> **SUPPLIED INFORMATION**:
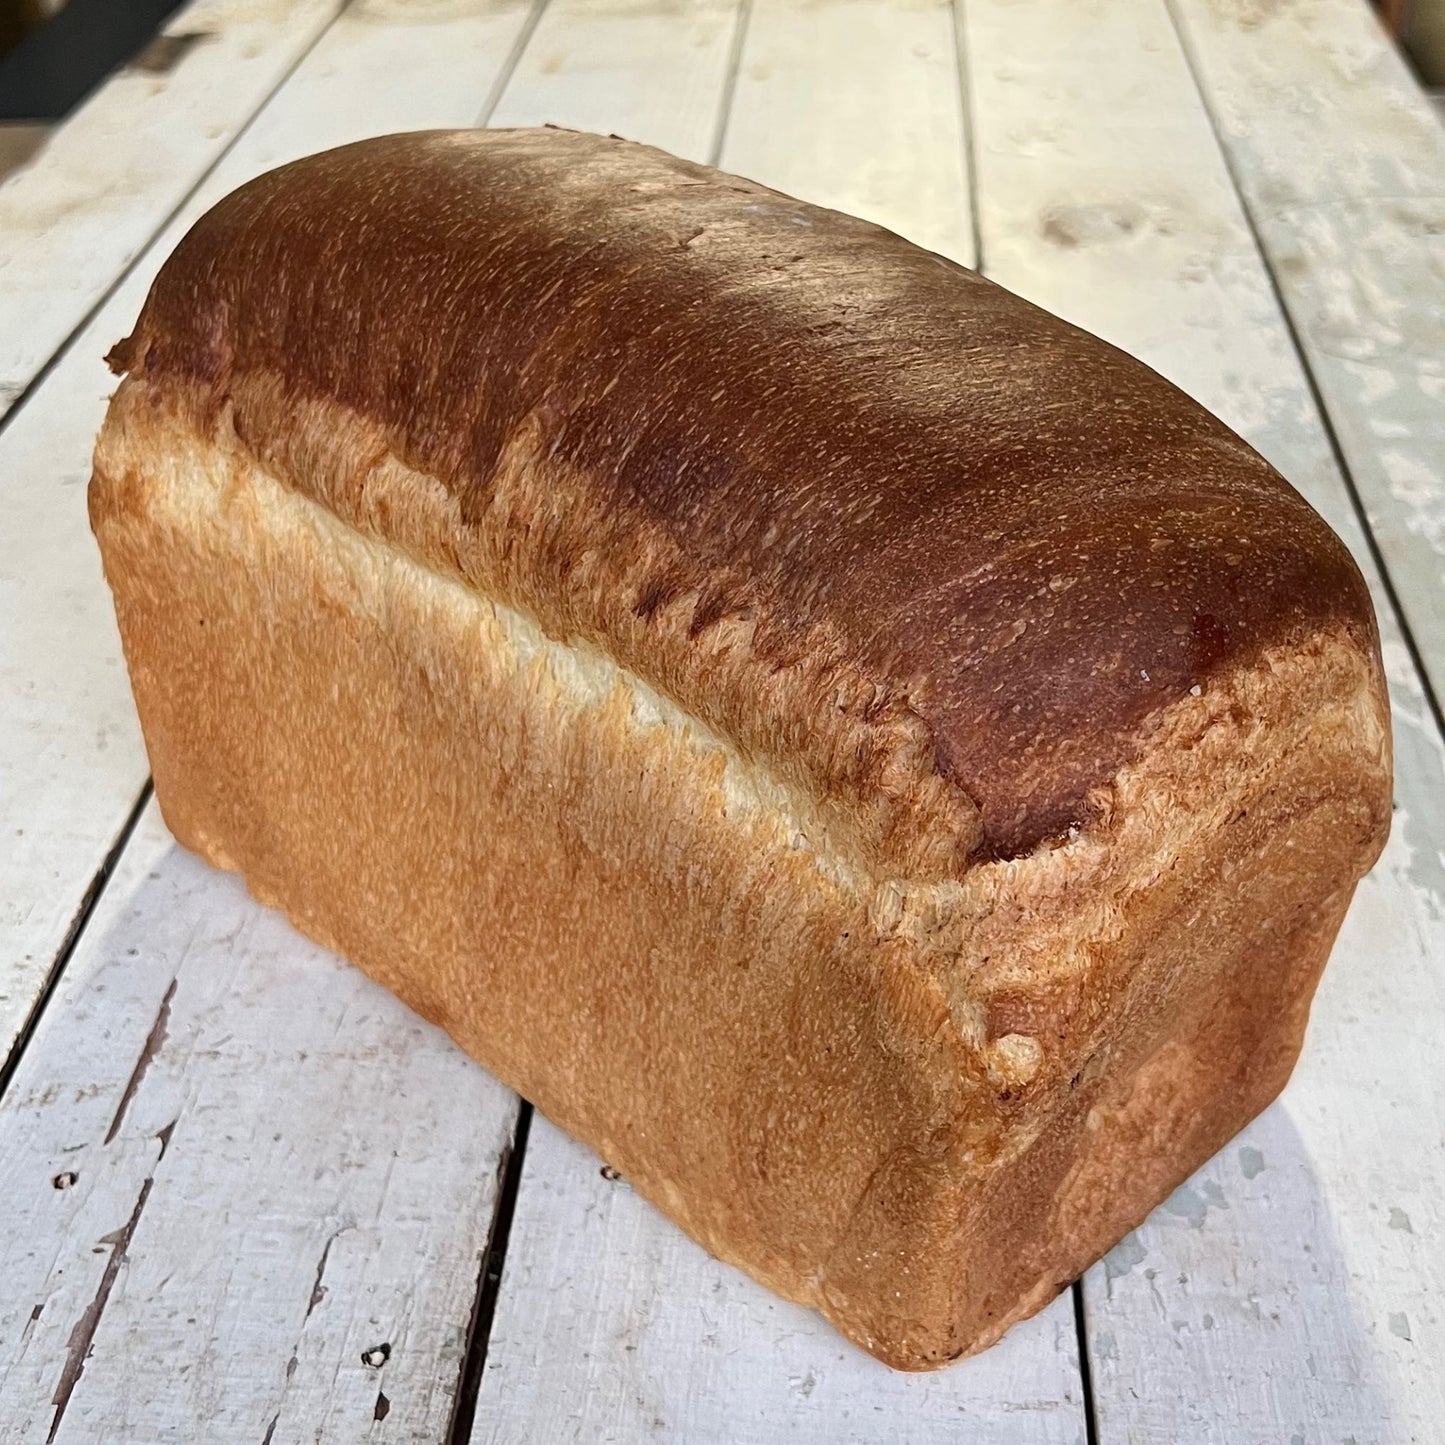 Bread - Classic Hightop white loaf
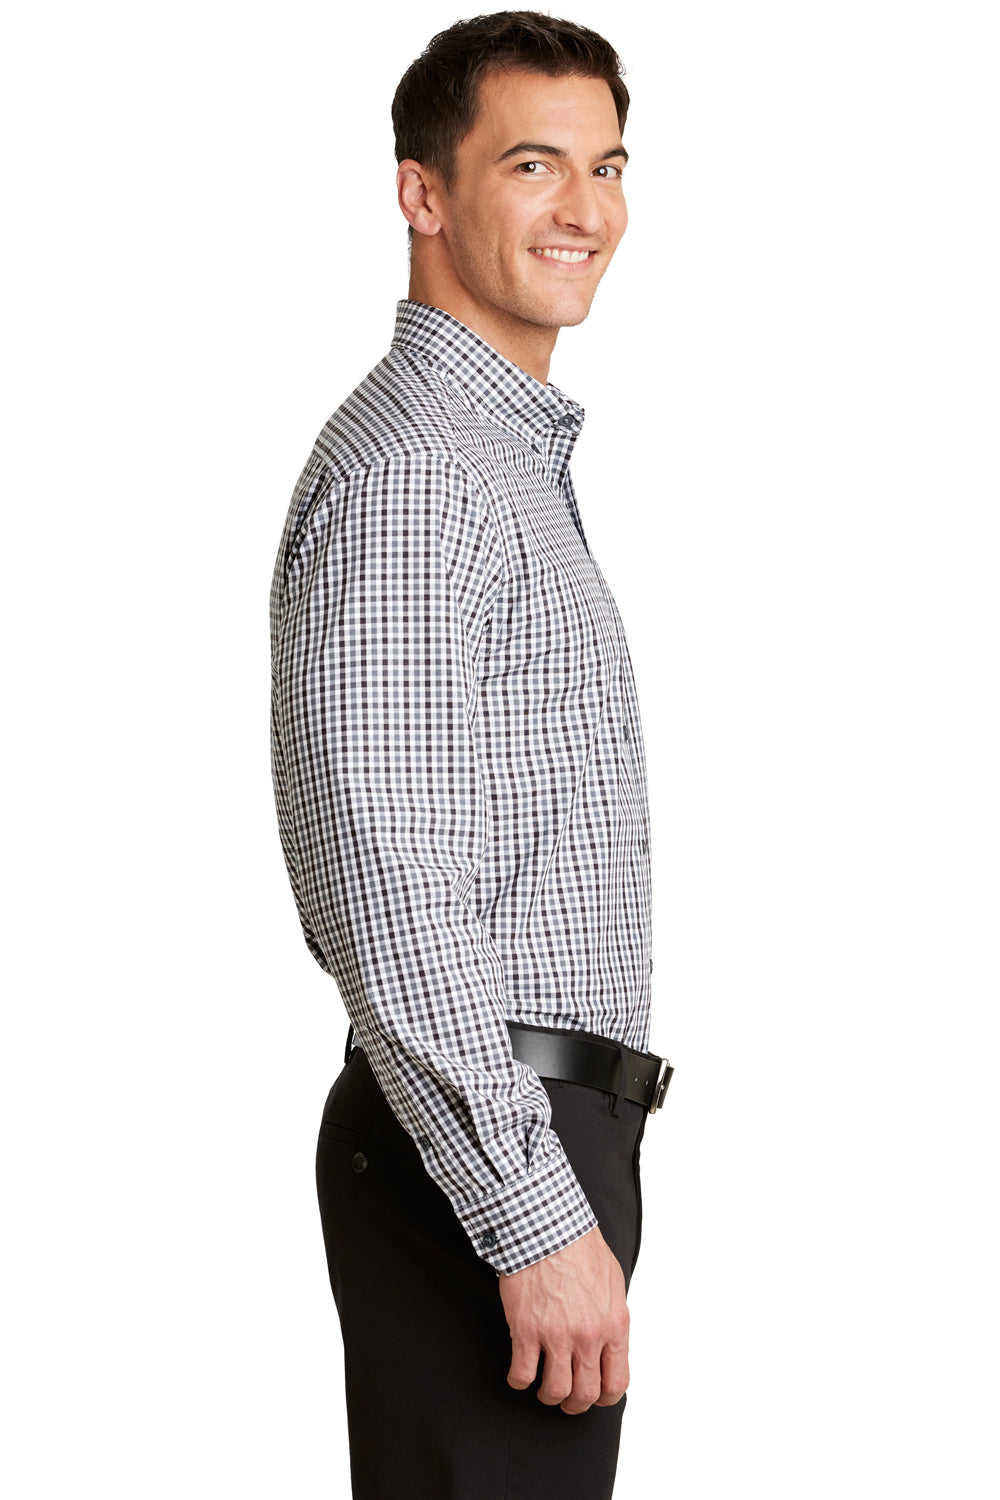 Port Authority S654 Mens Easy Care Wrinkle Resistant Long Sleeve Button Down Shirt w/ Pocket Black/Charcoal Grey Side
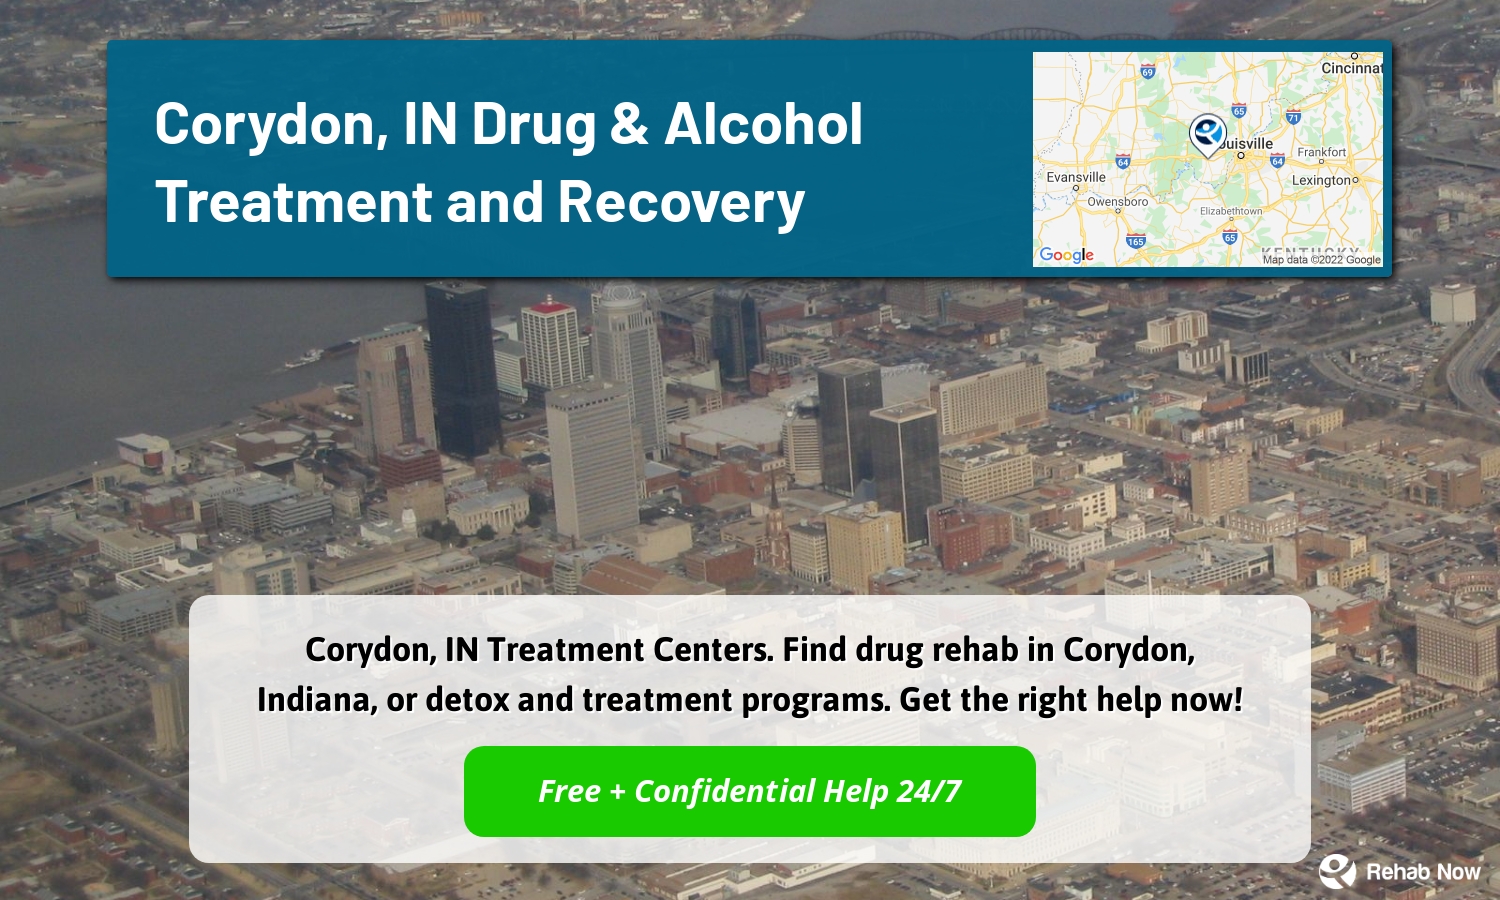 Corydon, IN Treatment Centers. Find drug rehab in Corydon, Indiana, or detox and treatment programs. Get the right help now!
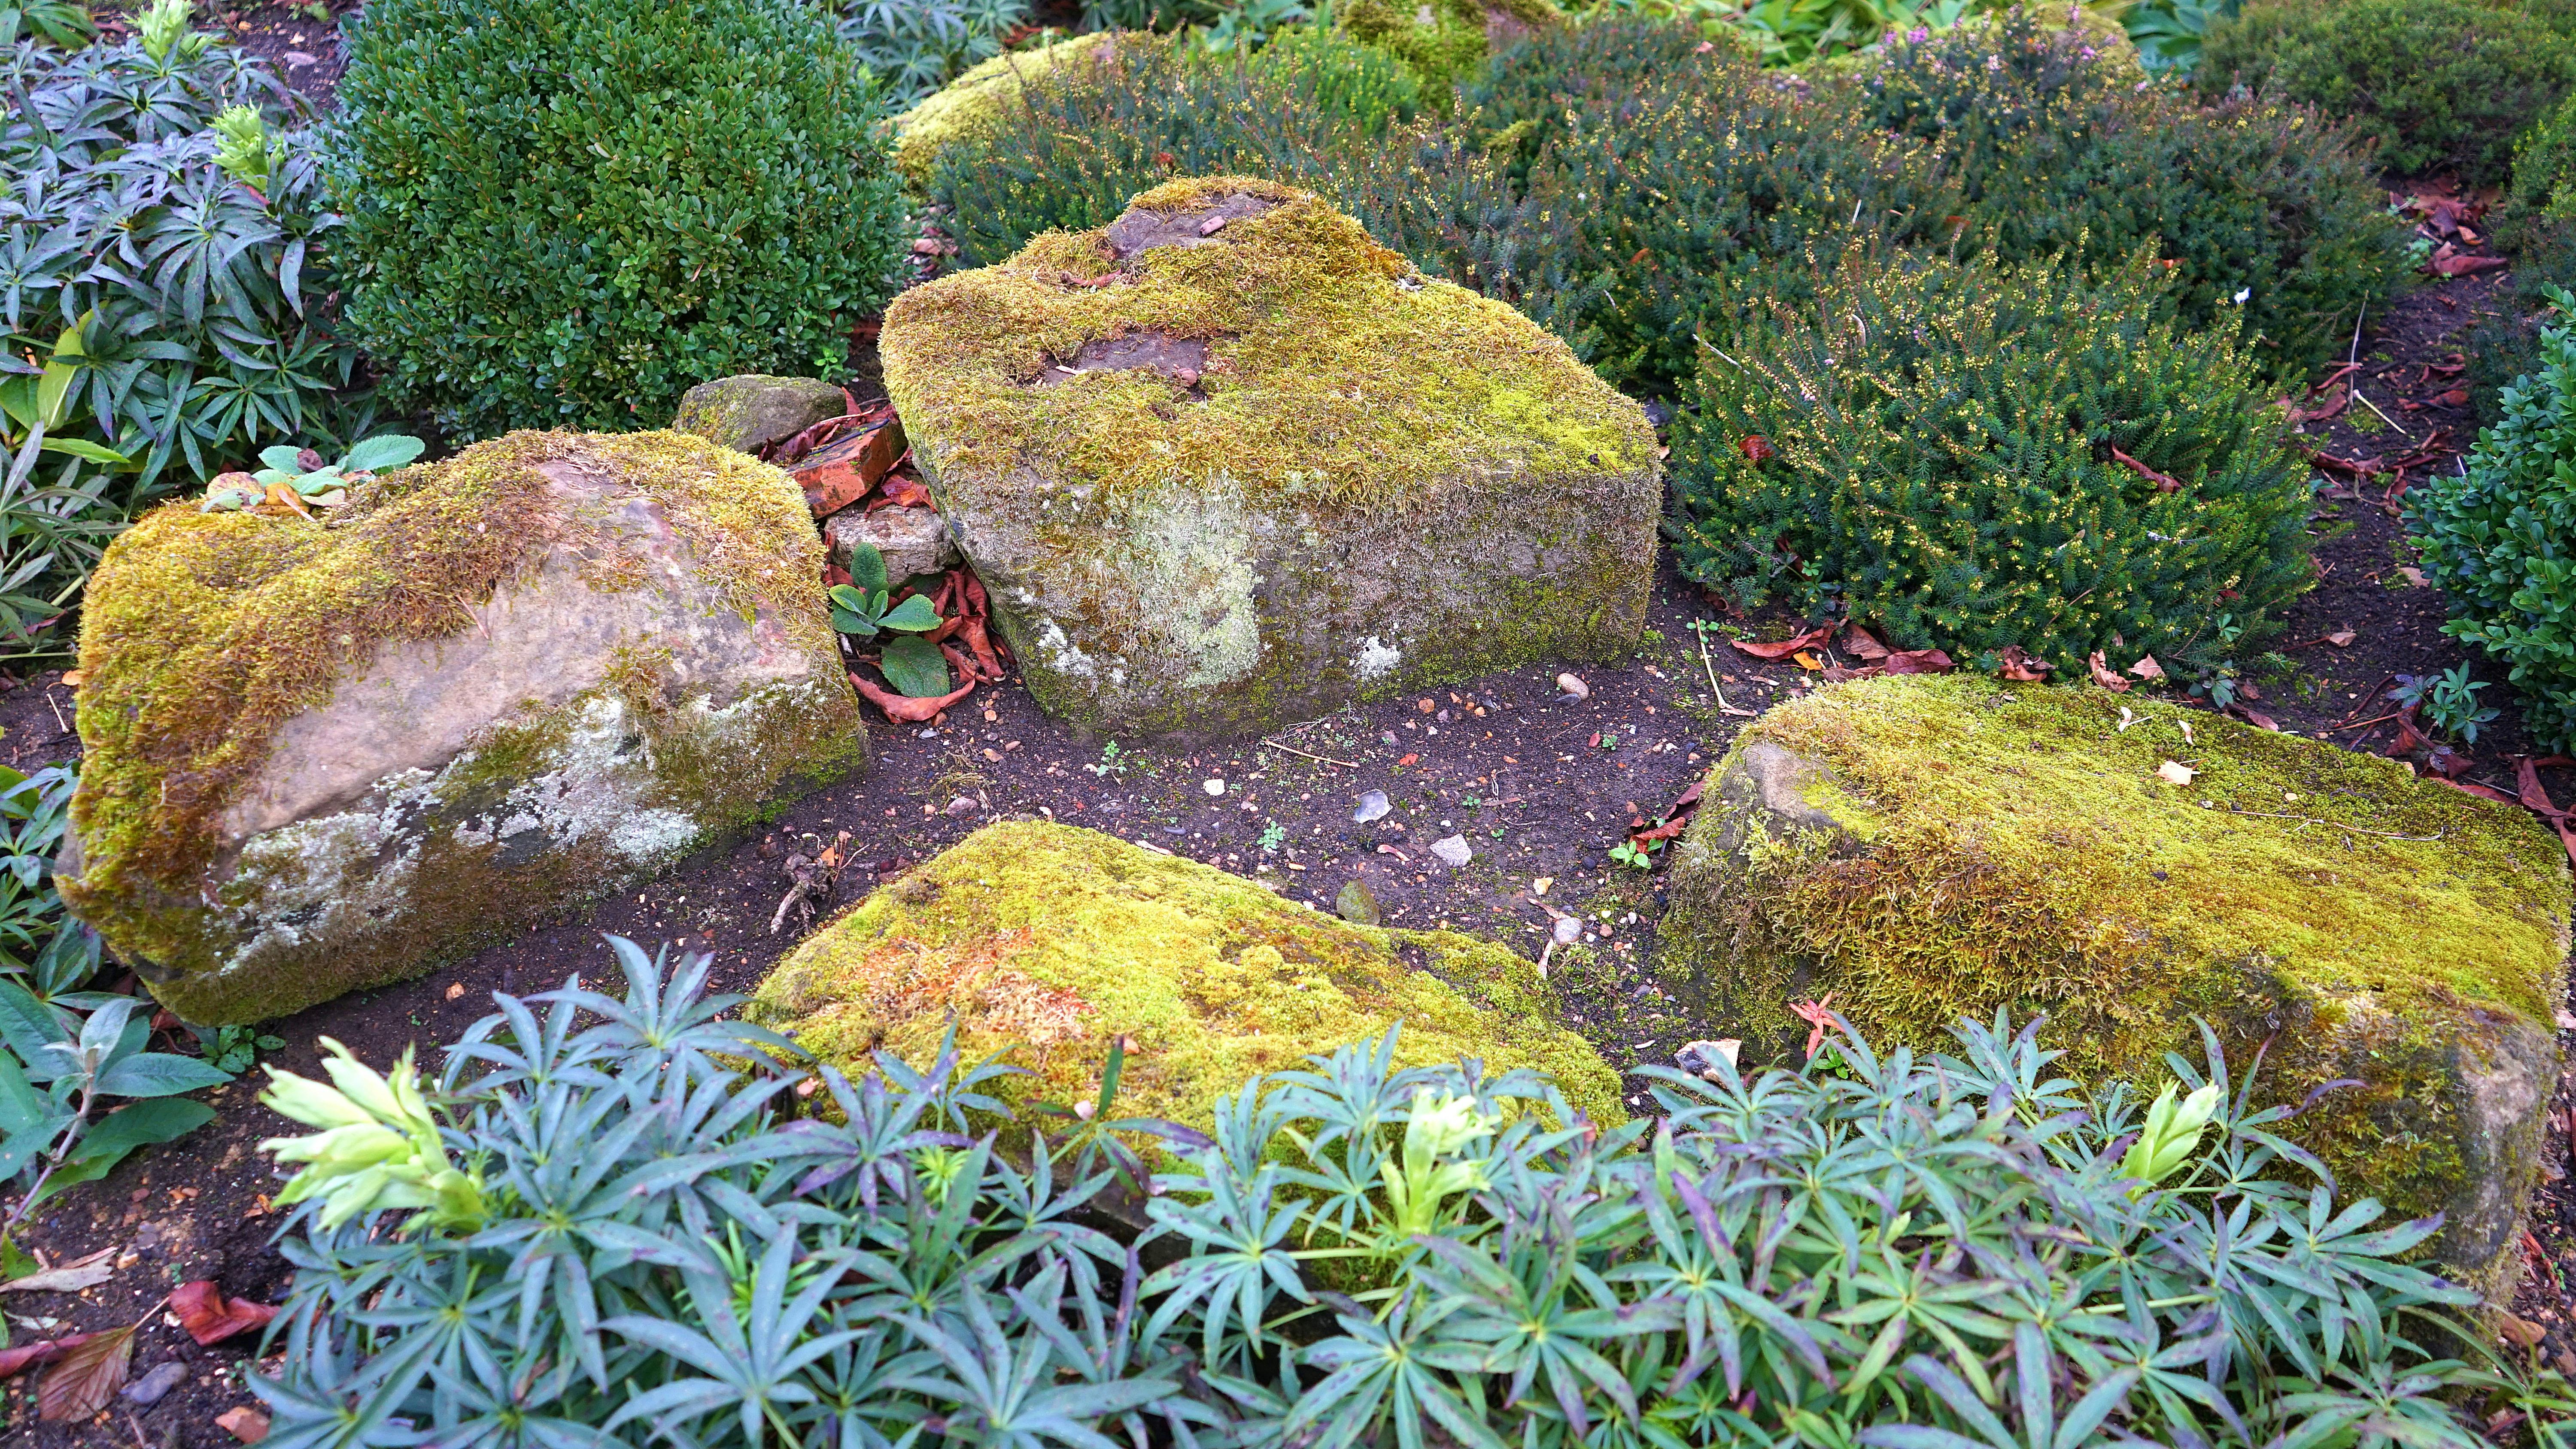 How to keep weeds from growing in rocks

> **EXERCISE**:
The required output consists only of the lines from the one containing "Corydon, IN Treatment" to the last line of the material, reproduced exactly, pictures excluded.

> **REPLY**:
 Corydon, IN Treatment Centers. Find drug rehab in Corydon, Indiana, or detox and treatment programs. Get the right help now!
 How to keep weeds from growing in rocks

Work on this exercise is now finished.